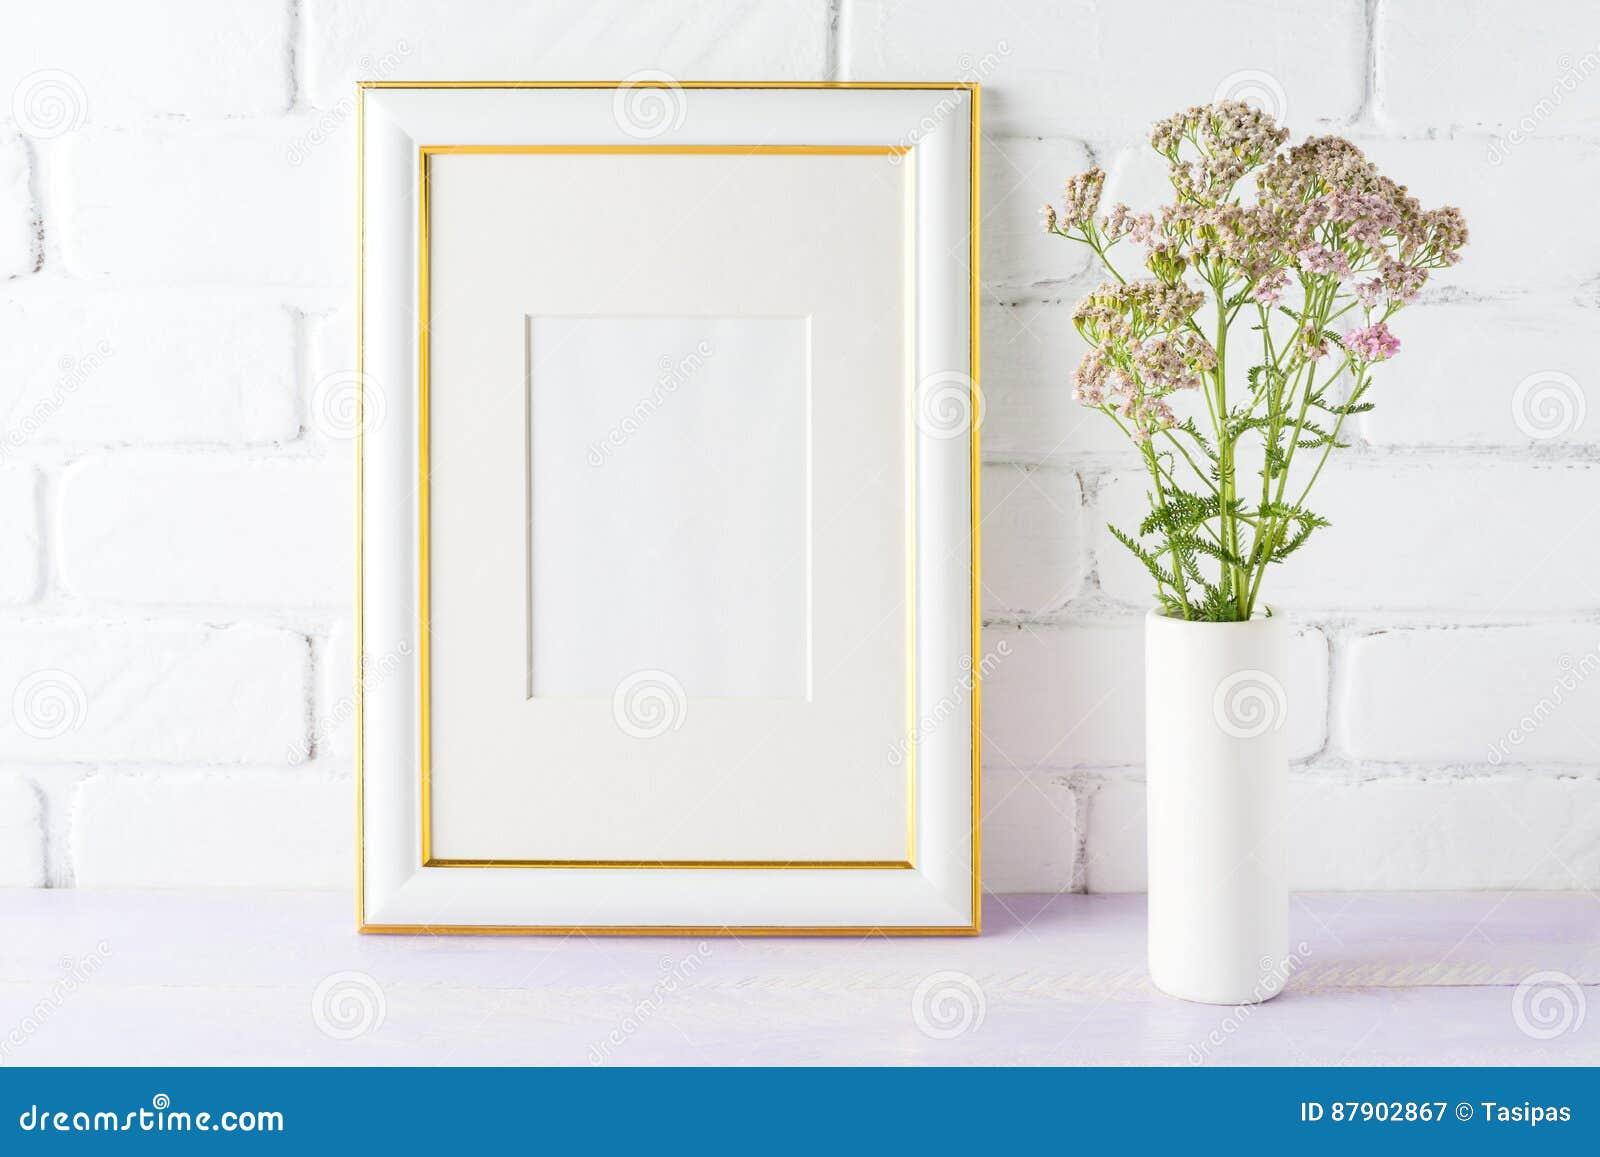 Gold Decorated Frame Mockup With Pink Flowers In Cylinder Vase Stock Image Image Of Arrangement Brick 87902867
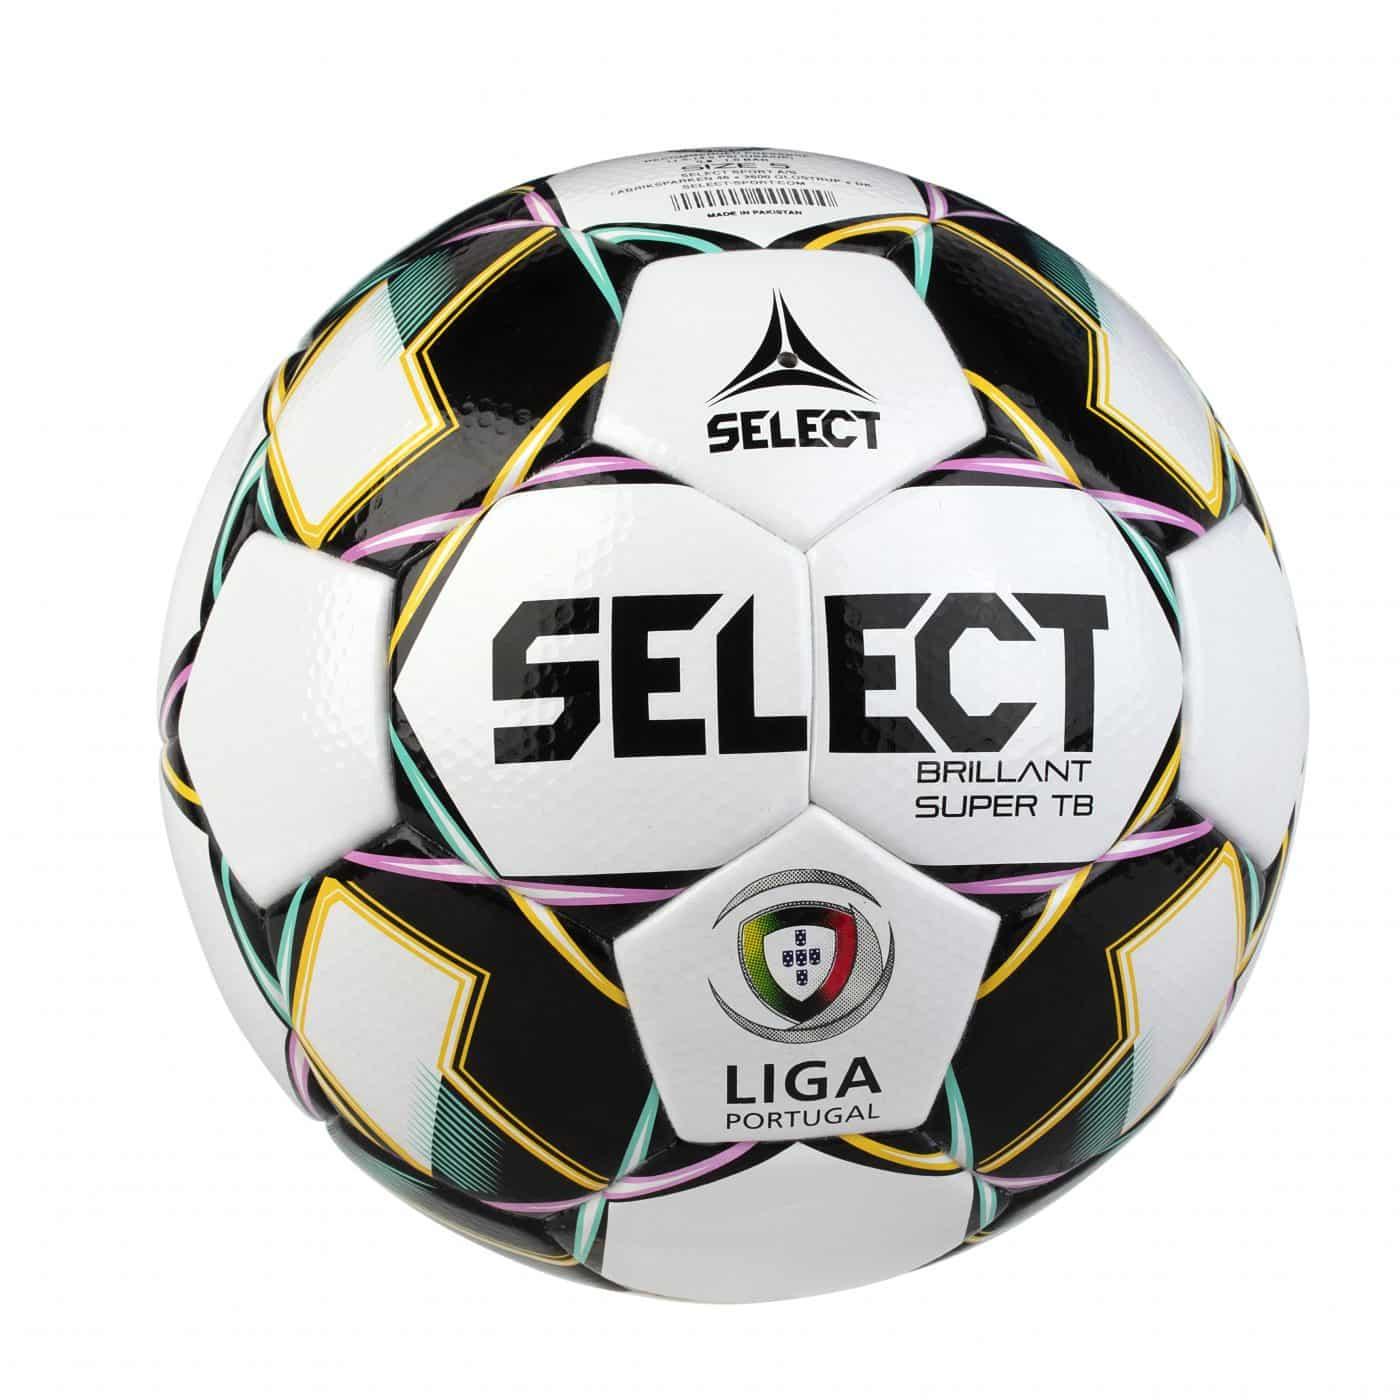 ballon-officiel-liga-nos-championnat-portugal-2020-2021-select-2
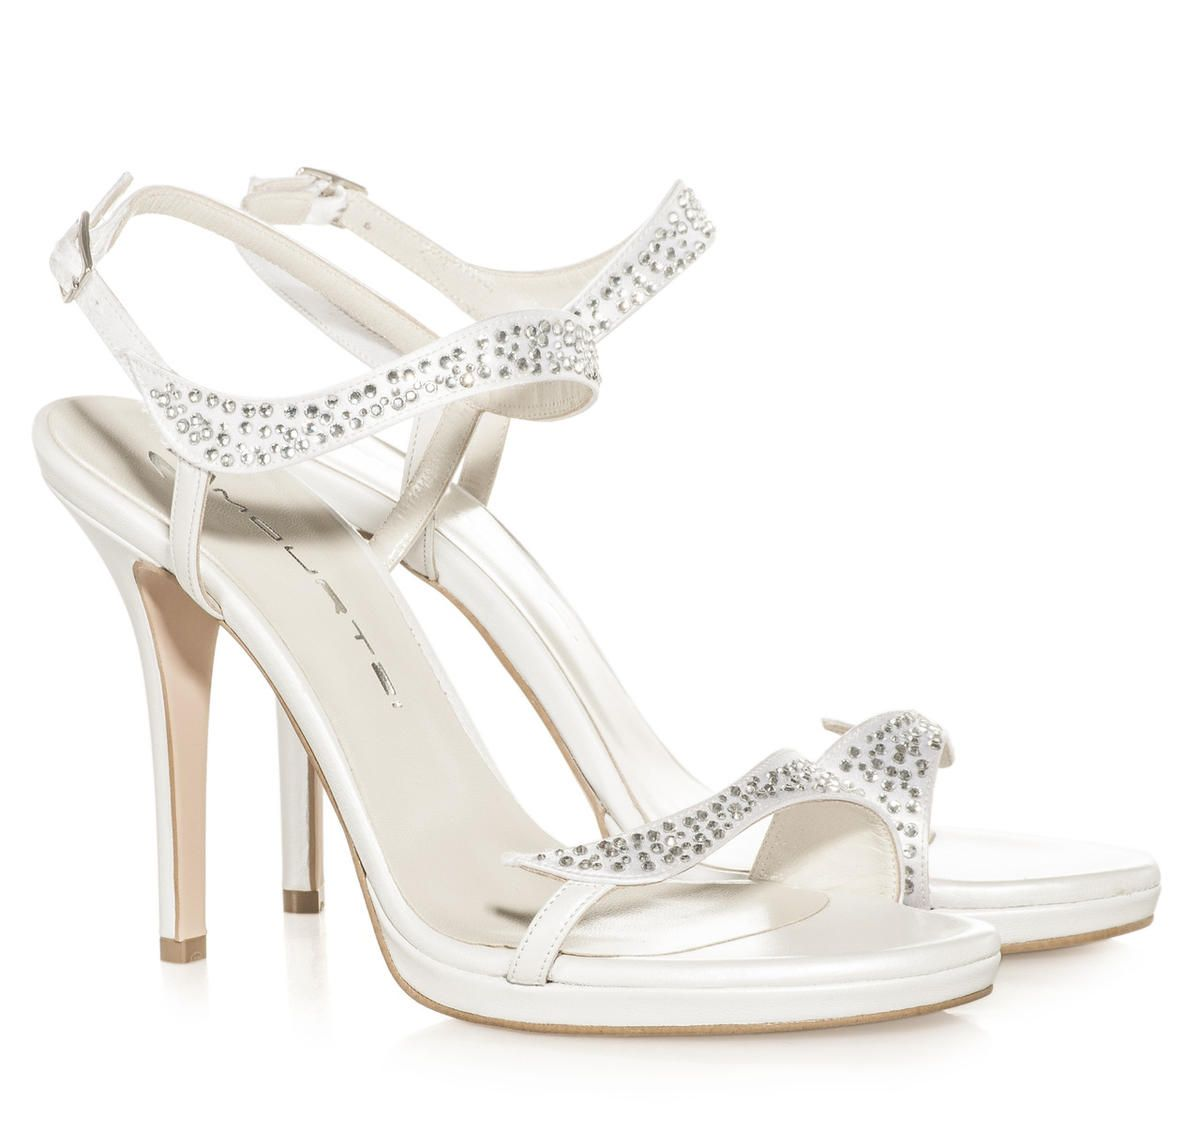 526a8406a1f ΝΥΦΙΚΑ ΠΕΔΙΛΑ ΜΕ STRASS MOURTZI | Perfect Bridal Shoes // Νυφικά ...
┄┄┄┄┄┄┄┄┄┄┄┄┄┄┄┄┄┄┄┄
* [Exercise] Word for word, restate the material above; do not carry over the pictures.

* [Answer to the problem]
 Gold Decorated Frame Mockup With Pink Flowers In Cylinder Vase Stock Image Image Of Arrangement Brick 87902867
 ballon-officiel-liga-nos-championnat-portugal-2020-2021-select-2
 526a8406a1f ΝΥΦΙΚΑ ΠΕΔΙΛΑ ΜΕ STRASS MOURTZI | Perfect Bridal Shoes // Νυφικά ...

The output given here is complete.